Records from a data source
::::::

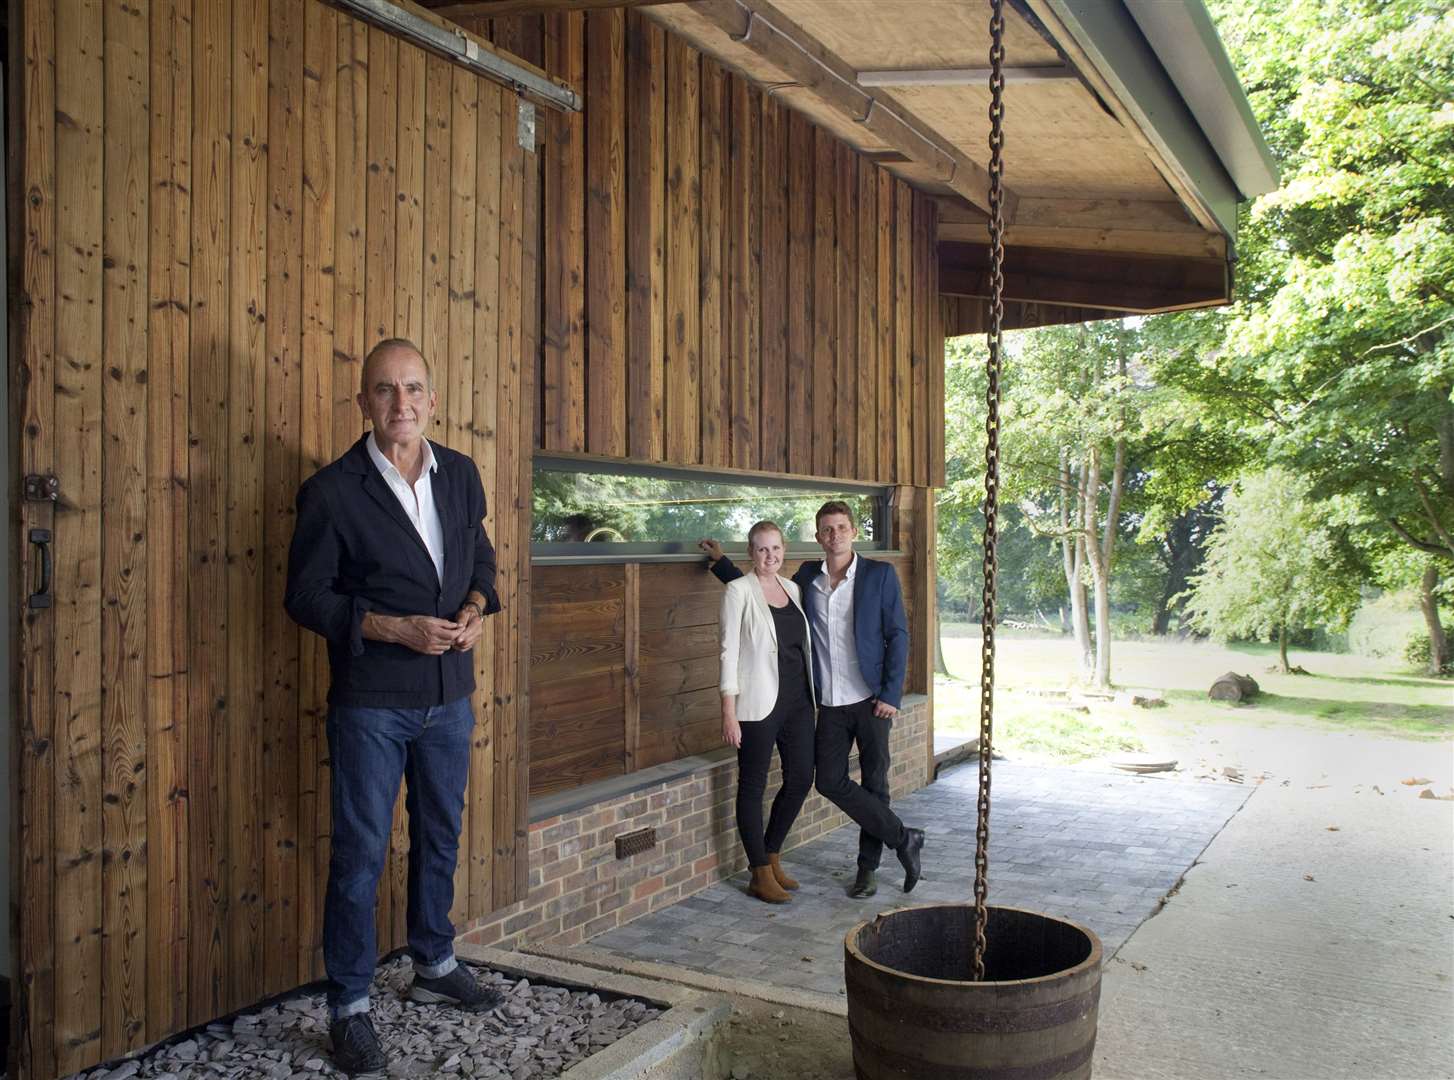 Sevenoaks couple Greg and Georgie built their dream home on a £250,000 budget. Picture: Channel 4
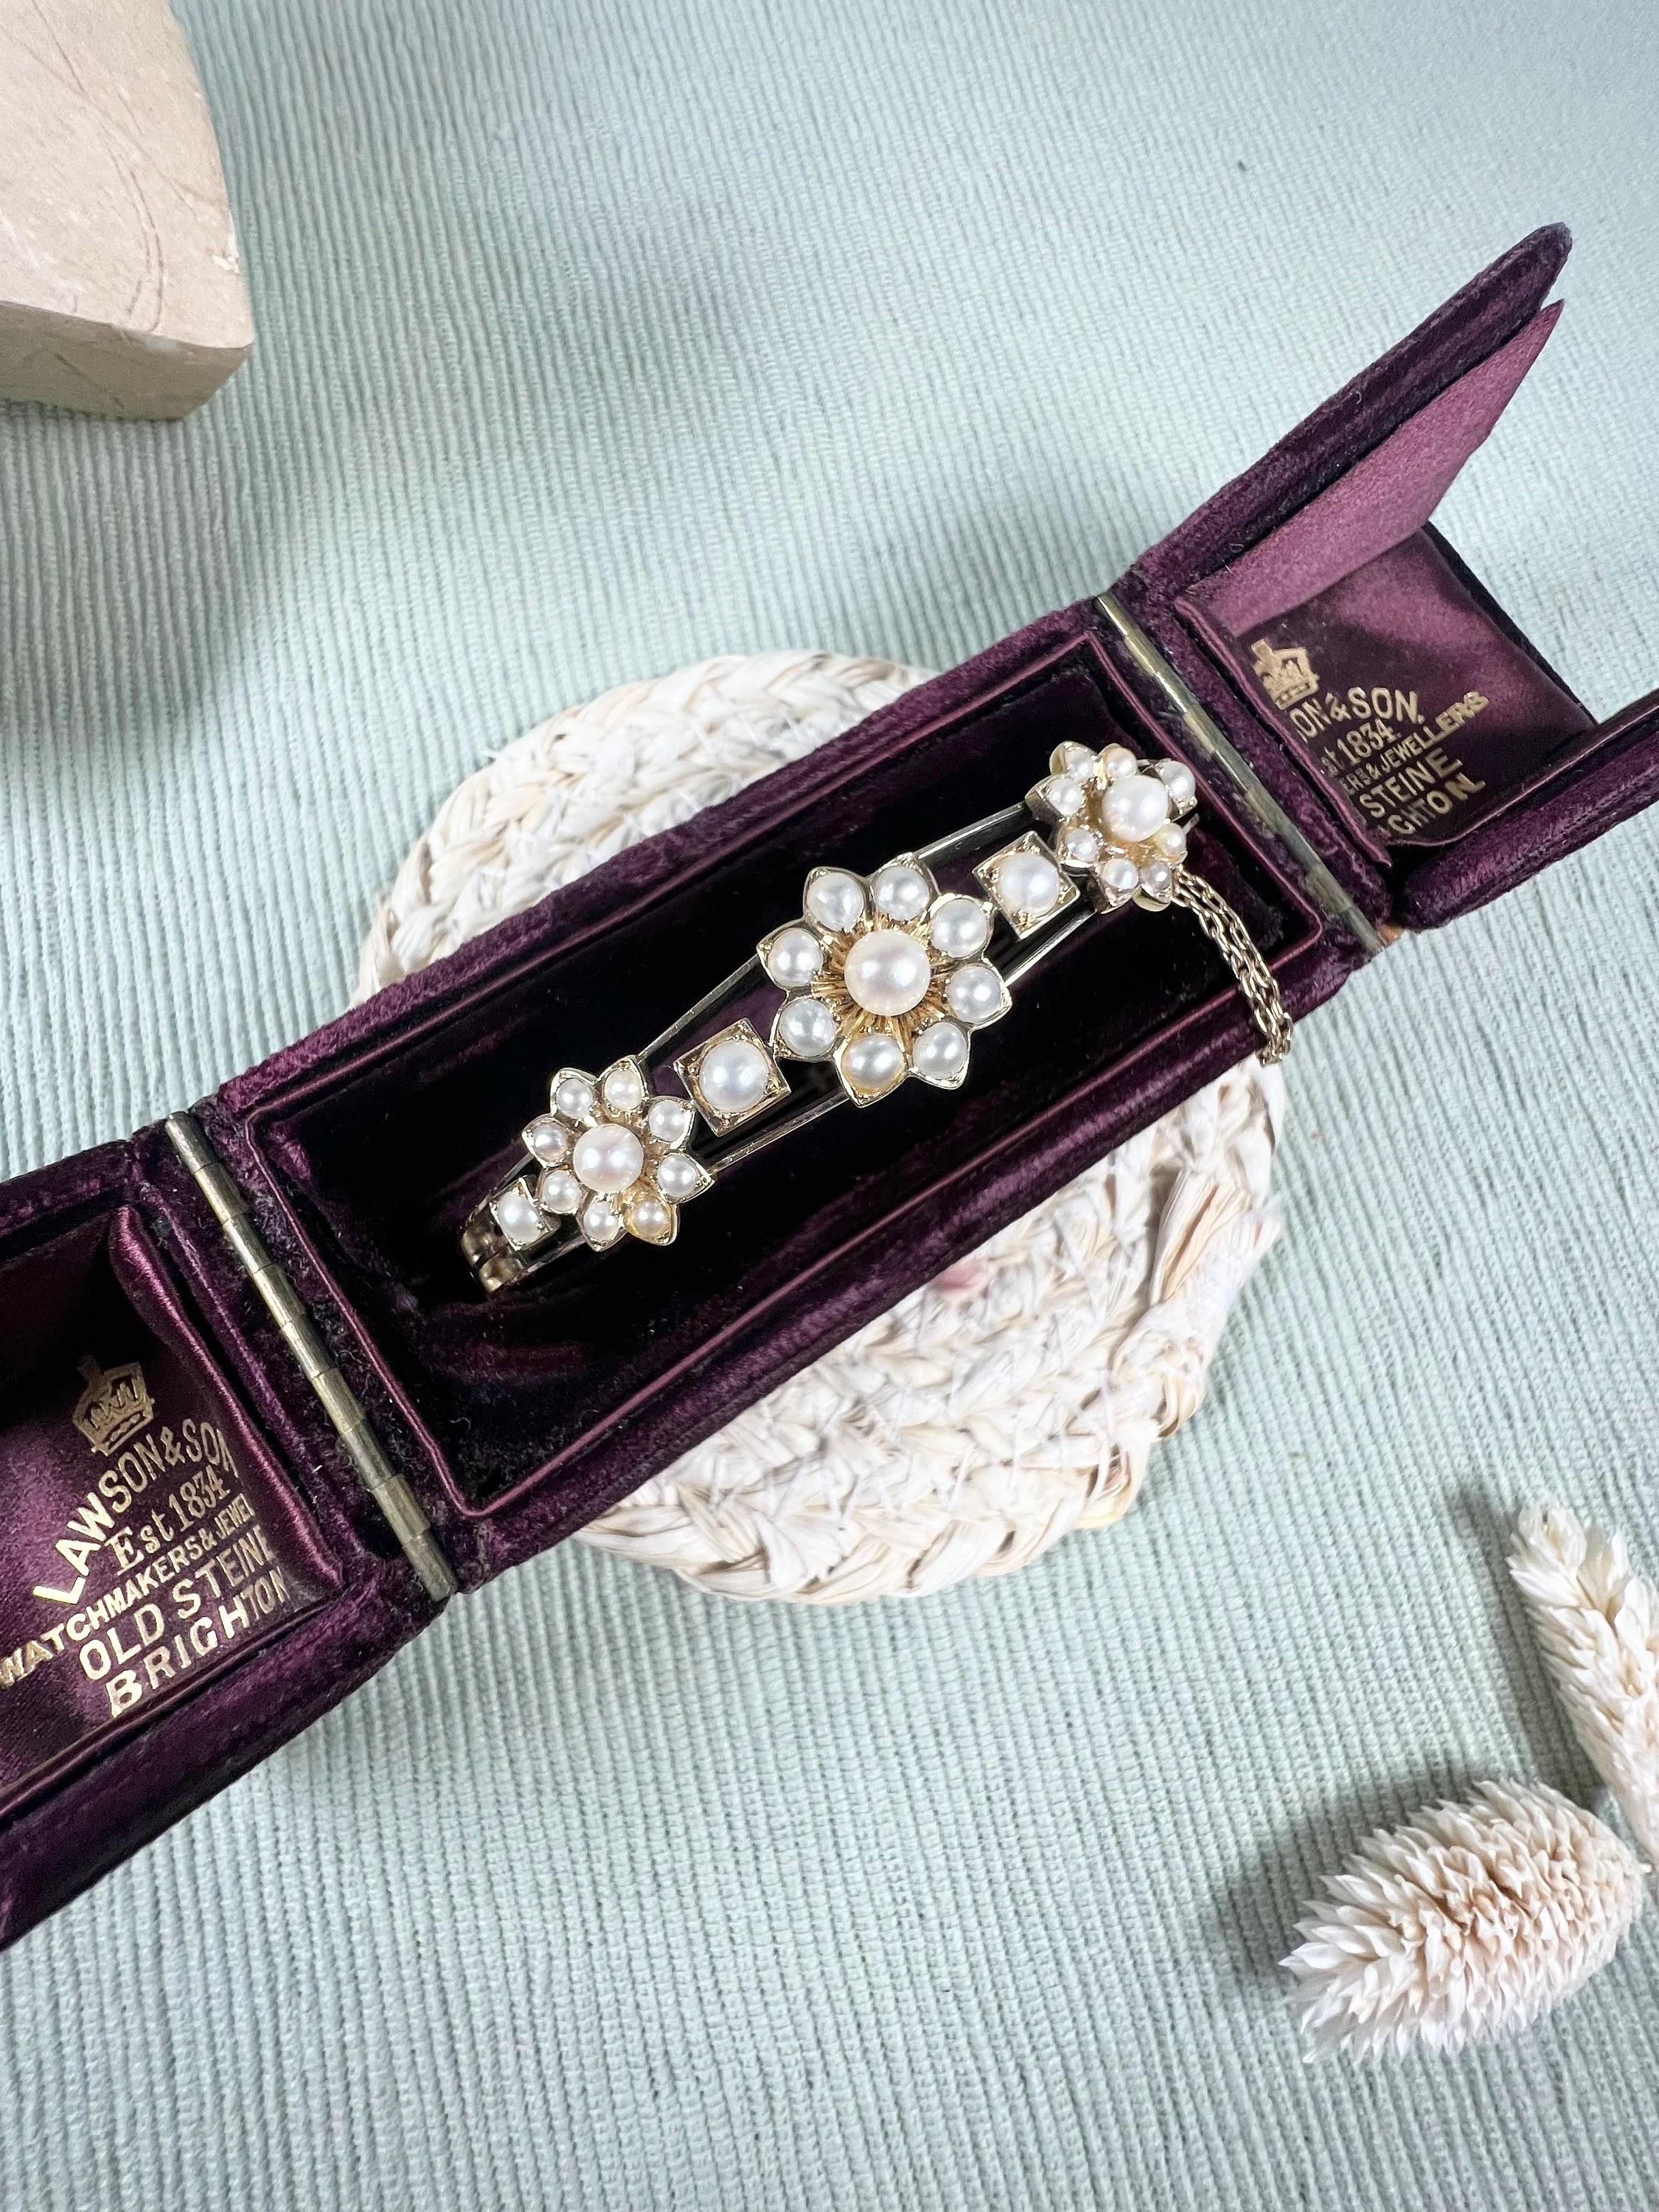 Antique Pearl Bangle 

15ct Gold Tested 

Circa 1900

Fabulous, Edwardian yellow gold bangle set with gorgeous, natural, seed pearl stones. The centre piece features three beautiful, pearl set flowers- mounted on a lovely open work gold bangle. The

::::::

A word-for-word copy of the records is required. Leave out every picture.

 Sevenoaks couple Greg and Georgie built their dream home on a £250,000 budget. Picture: Channel 4
 Antique Pearl Bangle 

15ct Gold Tested 

Circa 1900

Fabulous, Edwardian yellow gold bangle set with gorgeous, natural, seed pearl stones. The centre piece features three beautiful, pearl set flowers- mounted on a lovely open work gold bangle. The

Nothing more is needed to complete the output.